The NetWorker server has run out of socket descriptors. This means that you have exceeded the socket resource limit on your server. To avoid such future messages, you should determine what other network services are running while savegrp is running, and consider re-scheduling either savegrp or the other service(s). You can also reduce the parallelism in the nsr_service(4) resource, to reduce the resource utilization.


Errors Messages Generated While Recovering Data

This section lists error messages returned by the NetWorker recover program during an on–demand restore using the Enterprise Backup Utility. The messages are organized alphabetically to make them easier to match to the NetWorker message displayed.

Browsing machine 's on-line file index

An informative message that explicitly states which NetWorker client's index is being browsed for interactive recovers that resolve to another machine.


Cannot open recover session with server

This message indicates that some problem was encountered connecting to the NetWorker server on the named machine.


error, name is not on client list

This message indicates that the client invoking the recover command is not in the server's client list. See nsr_service(4) for details.

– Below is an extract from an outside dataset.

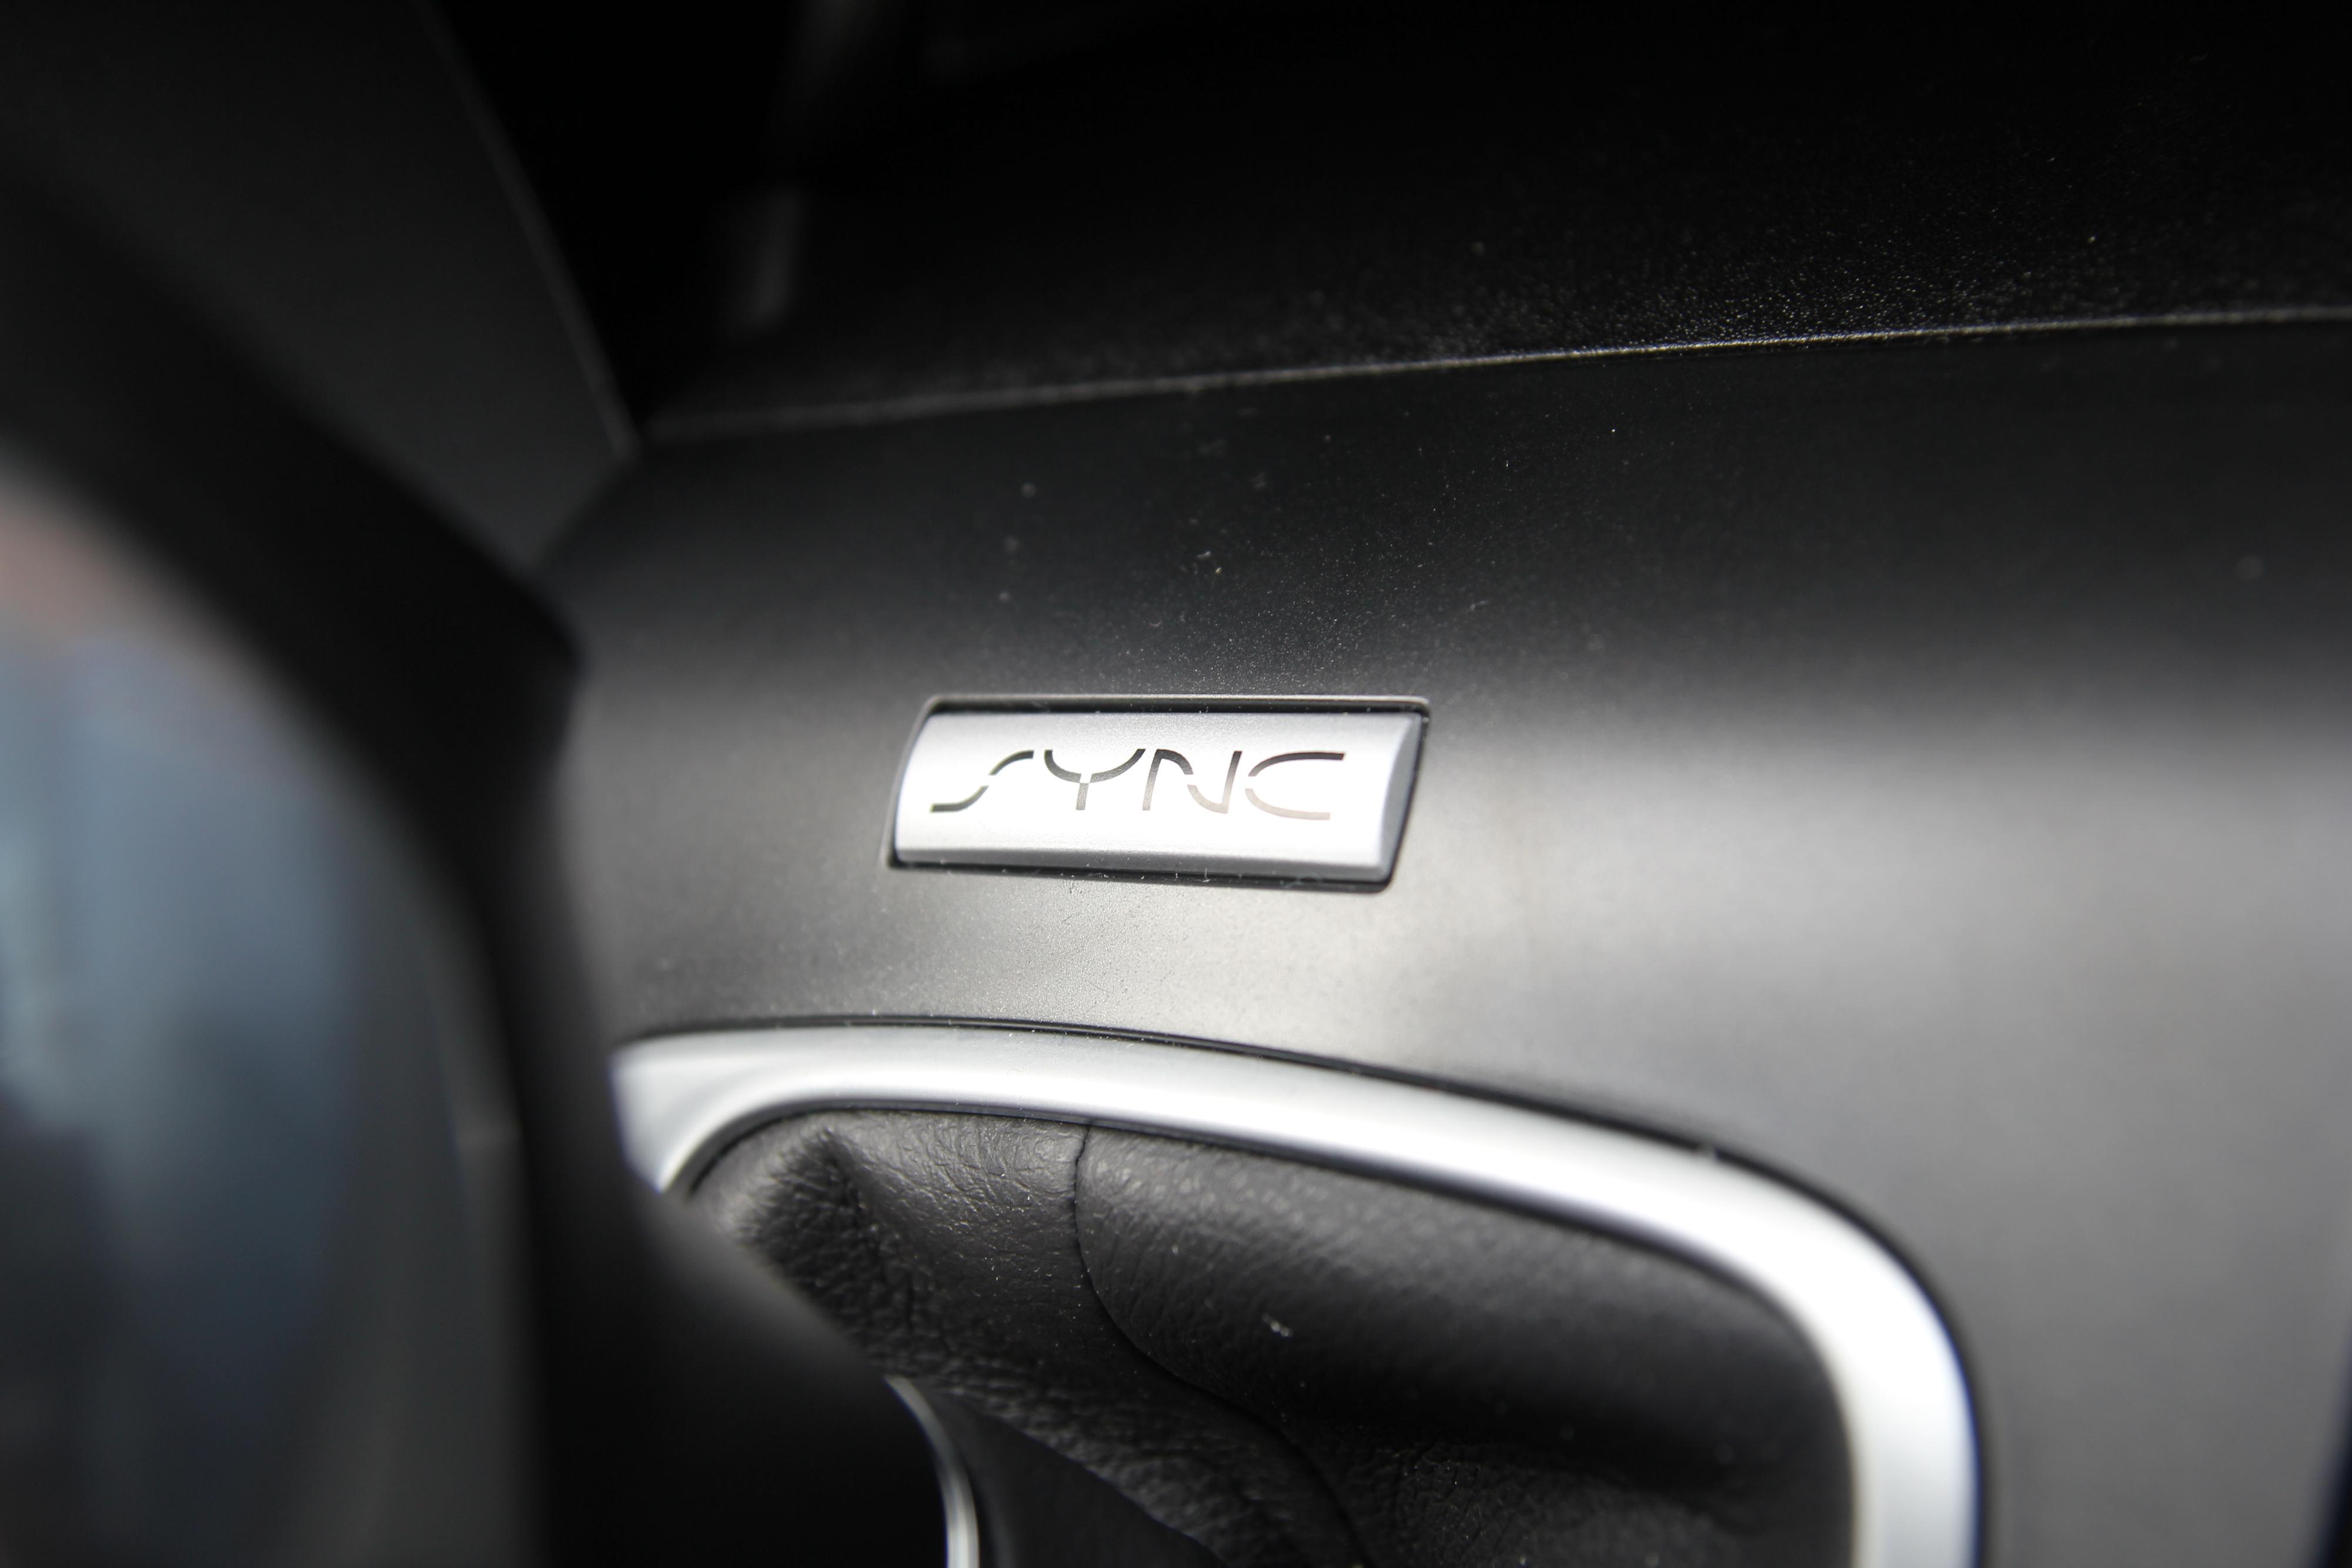 Den originale Sync-logoen har fått en fremtredenede plass like framfor automatgirspaken.

Message from server : other clones exist for failed save set

The recover command will be automatically re-submitted to the server, if any files remain to be recovered, because the request failed on a save set that had multiple clones. The server automatically picks a different clone on each attempt.


Path name is within machine : export - point

An informative message that lets you know that the given pathname is mounted from a network file server and that the recovery will use the index for the named file server. If the machine is not a NetWorker client, then the -c option may be necessary.


/ path :Permission denied

The filename cannot be recovered because you are not root or in the group operator, and you don't have read permission for the file.


/ path :Permission denied(hasacl)

The filename cannot be recovered because you are not root or in the group operator, the file has an Access Control List (ACL), and you are not the owner of the file.


Using server as server for client

An informative message that lets you know which NetWorker server was selected for client's index.


NetWorker BusinesSuite Module for Oracle Messages

During a backup or restore, NetWorker attempts to record error messages generated by the BusinesSuite Module for Oracle library to the dmo.messages file. NetWorker opens this file in one of the following locations (default locations, listed in order):

  1. The alternate messages directory created during installation, /nsr/applogs.

  2. The /tmp directory.

  3. Standard error (stderr), if dmo.messages cannot be opened or created.

See Appendix A, “Environment Variables” for descriptions of NetWorker BusinesSuite Module for Oracle variables and values you can assign to them in the nsrdmo script.

NetWorker BusinesSuite Module for Oracle error messages appear in the following format, where pid is the process ID and function is an internally-defined function name:

(pid) OBK-sbt: <function>: <error message>

In addition, BusinesSuite Module for Oracle writes extended debugging information in the file specified by the NSR_DEBUG_FILE environment variable.